## [DIRECTIONS]
Every line below from the one containing "White Bluff" through the one containing "引っ張るブランド抽象サムライ ドライビングフォース ルームフレグランス" is to be printed exactly, with the pictures omitted.

## [THE DATA]

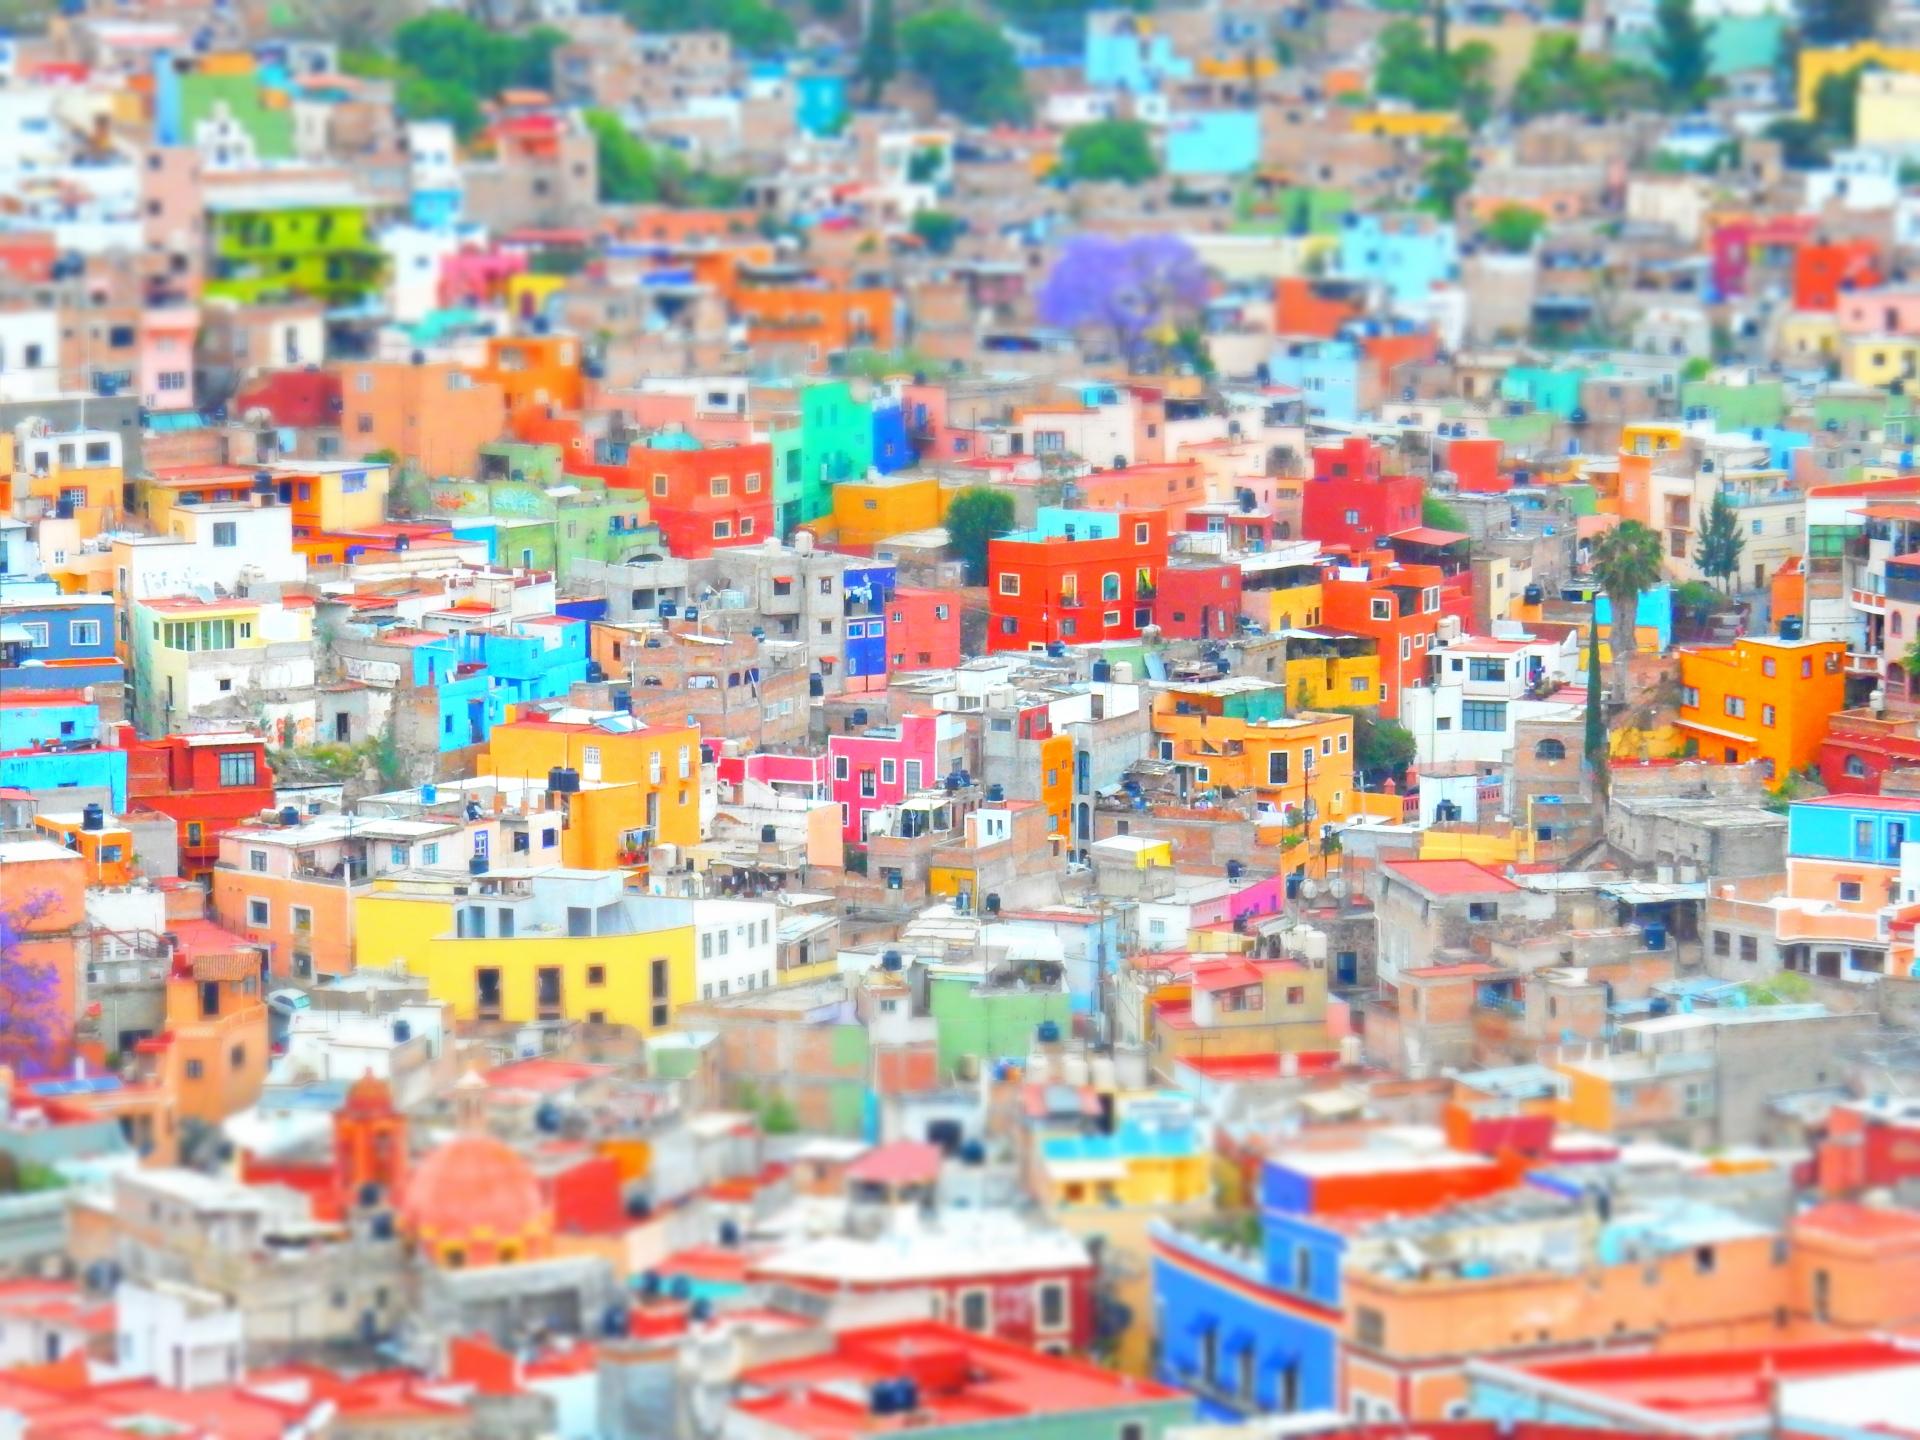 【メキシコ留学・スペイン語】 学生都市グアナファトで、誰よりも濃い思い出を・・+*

--

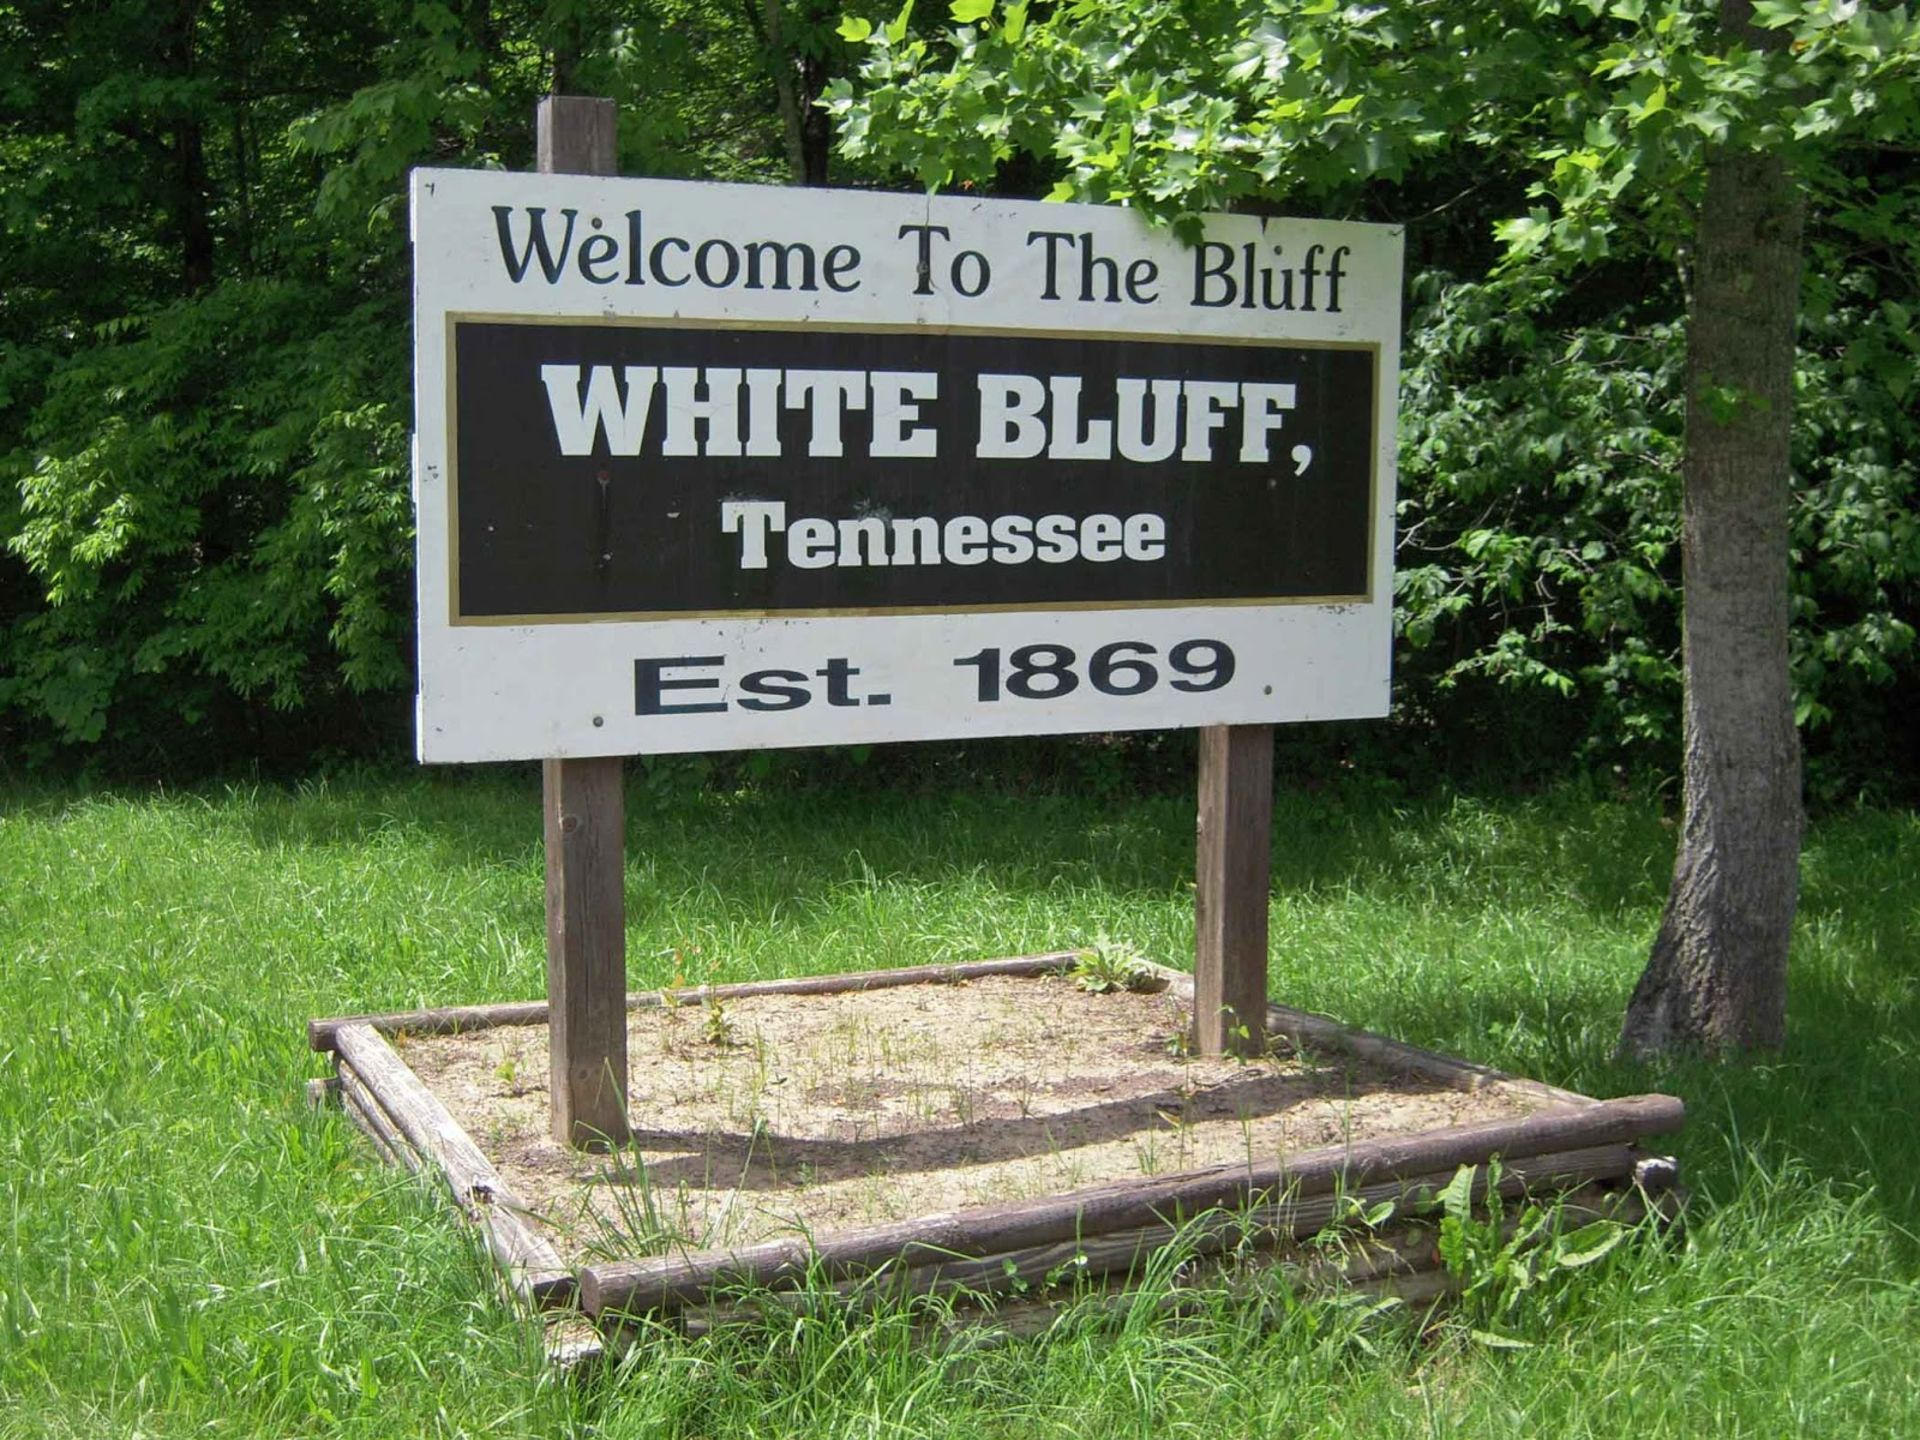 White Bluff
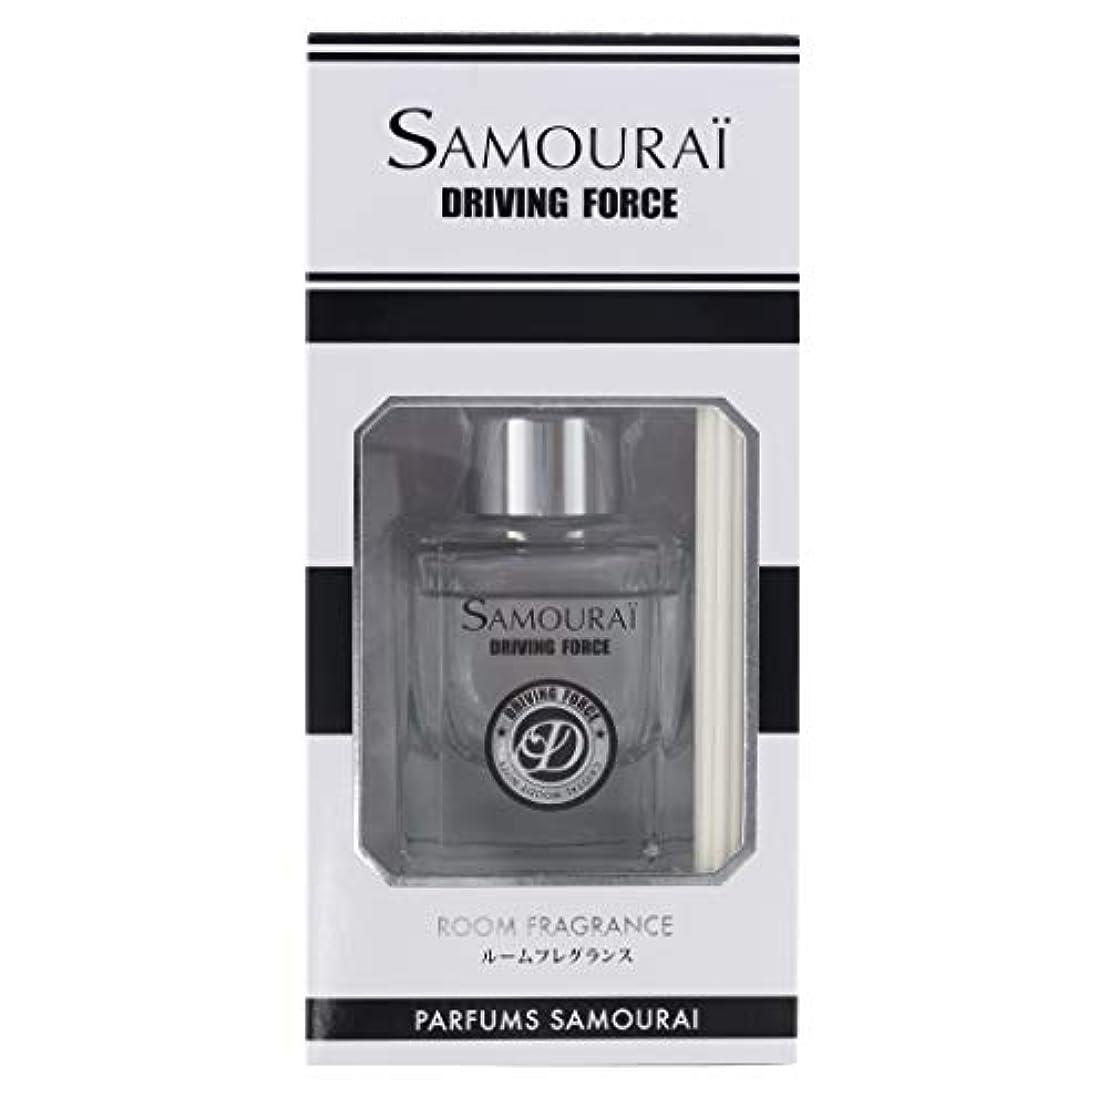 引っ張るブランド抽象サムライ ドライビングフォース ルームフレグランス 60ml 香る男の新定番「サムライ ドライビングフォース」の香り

...

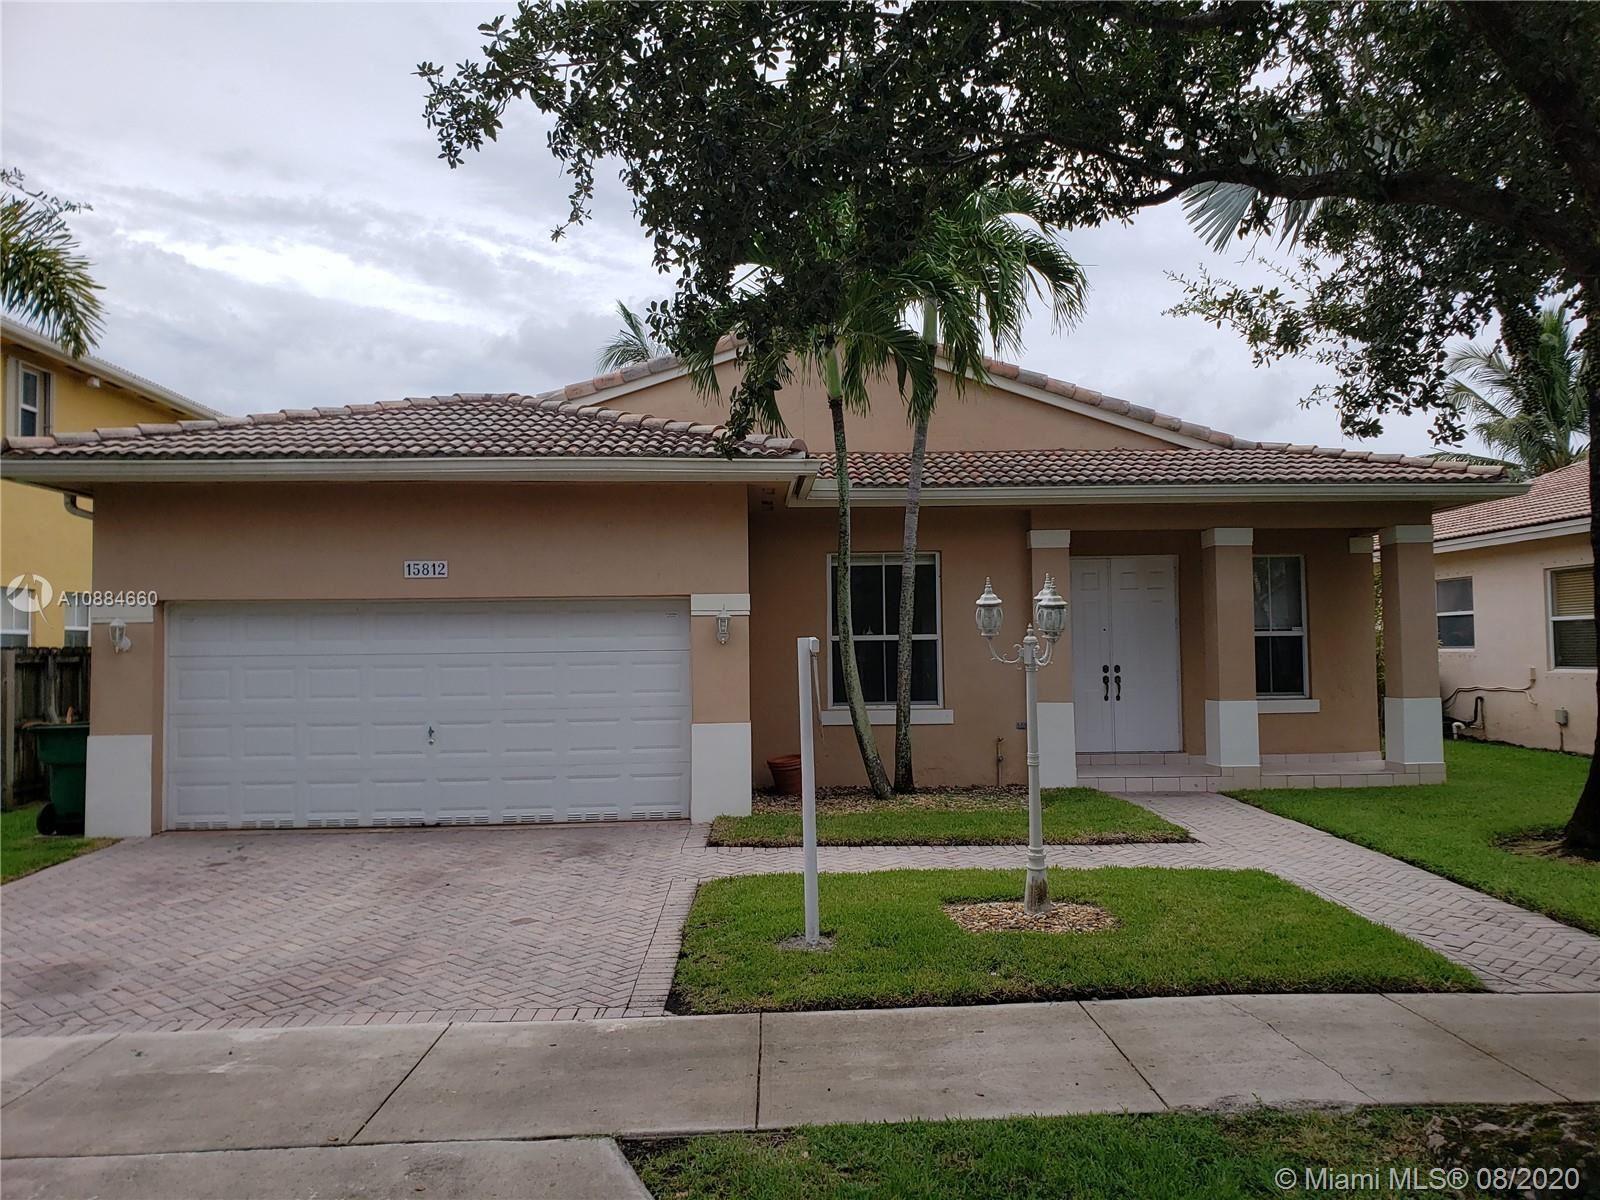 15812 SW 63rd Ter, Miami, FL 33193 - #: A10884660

## [RESULT FOR THIS EXERCISE]
 White Bluff
 引っ張るブランド抽象サムライ ドライビングフォース ルームフレグランス 60ml 香る男の新定番「サムライ ドライビングフォース」の香り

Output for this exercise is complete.